Many people think that scientific progress is as orderly as building a highway. Crews bulldoze rocks and other obstacles out of the way, then level the surface, and then lay down the asphalt so that travelers can proceed steadfastly from one point to another.
But advancing science is more like putting together a thousand-piece jigsaw puzzle. Except that you can’t check the cover of the box to see what the finished scene should look like. And, instead of a thousand pieces, it’s more like several thousand, or even tens of thousands.
On our Web site this month, we’re trying to raise awareness about one such scientific puzzle, the problem of infertility. Most couples who wish to become parents don’t have any serious problems conceiving, and ultimately, of bearing a child. But, underlying this seemingly simple process are layers and layers of complexity. Thousands of genetic and biochemical events must proceed smoothly for a woman to release an egg that can be fertilized, for a man to produce viable sperm, for the sperm to find the egg, and for that fertilized egg to implant in the uterine wall and develop for nine months. Given this complexity, it’s truly amazing that the process succeeds as often as it does.

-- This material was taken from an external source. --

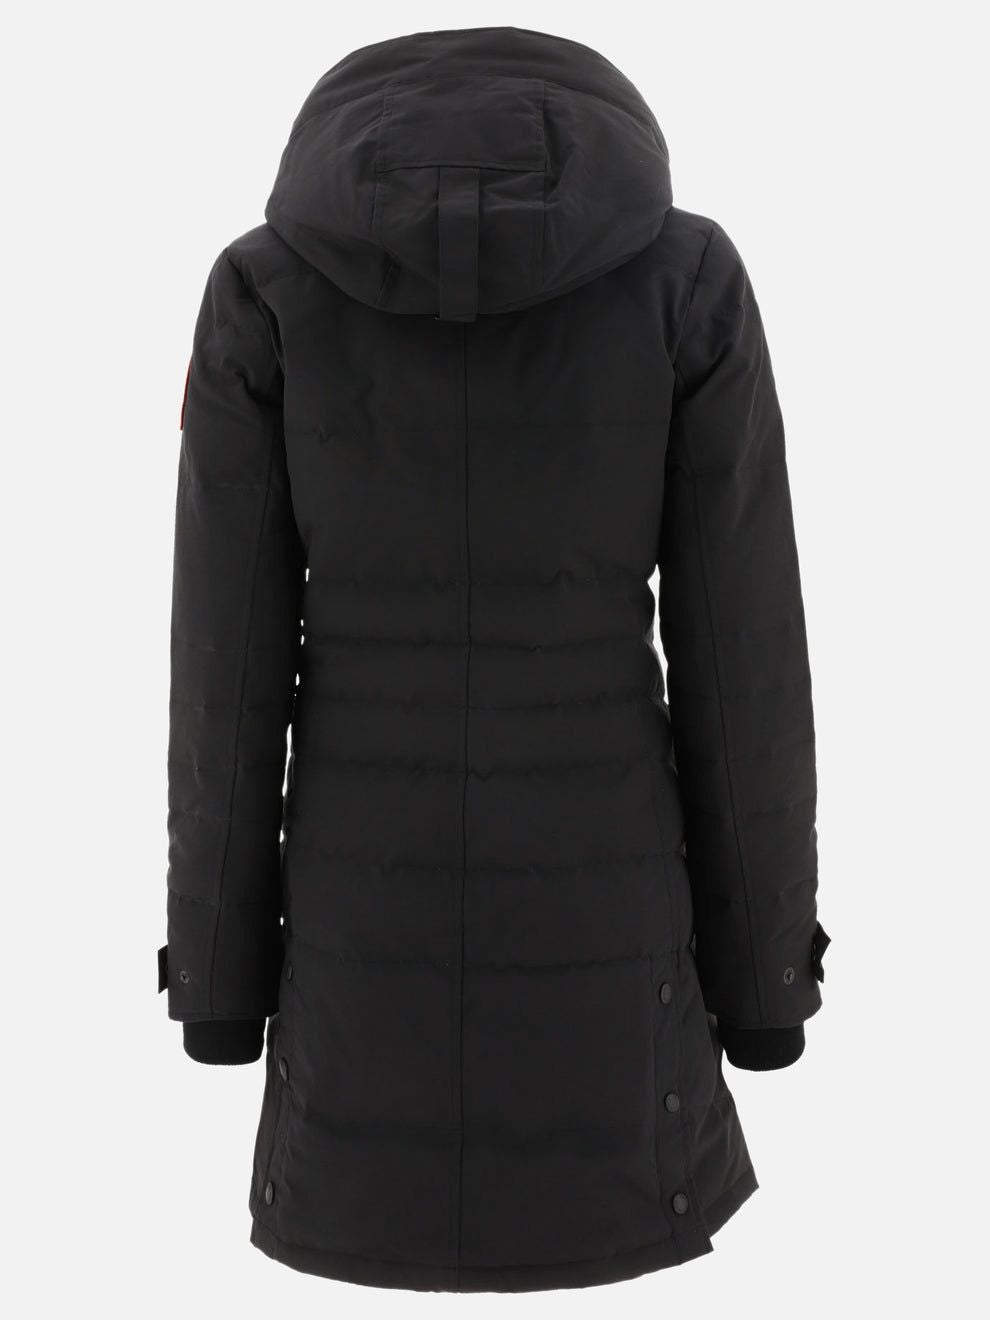 女性用ブラックロレッテパーカージャケット - この万能冬用ジャケットで暖かくおしゃれに

Because so many things could, potentially, go wrong, it’s often difficult to find the cause of infertility. Still, we’ve been successful in piecing together key pieces of the puzzle. We’ve learned that normal aging, lifestyle, and environmental factors all play roles. So does an individual’s health.
Consider, for example the puzzling disorder known as polycystic ovary syndrome (PCOS). Women with this condition produce high levels of androgens—male hormones. PCOS can result in infertility and also in irregular menstrual cycles, increased facial and body hair, acne, and cyst-like growths in the ovaries. Women with PCOS often have difficulty metabolizing insulin and may be at increased risk for heart disease, high blood pressure, and type 2 diabetes. Although PCOS affects roughly 5 to 7 percent of women of reproductive age, we aren’t sure what causes it, and often lack effective treatments for it.
However, as we report this month, NICHD-funded scientists have uncovered what may be a major piece of the puzzle of this mysterious disorder. The scientists have presented data tying the source of the androgens in PCOS to a protein ordinarily produced by cells in the ovary, DENND1A.V2. Evidence of the protein is also present in the urine of women with PCOS, which opens up the possibility of a more accurate and early diagnosis for the condition. More information about this encouraging finding is available in our news release, Gene linked to excess male hormones in female infertility disorder.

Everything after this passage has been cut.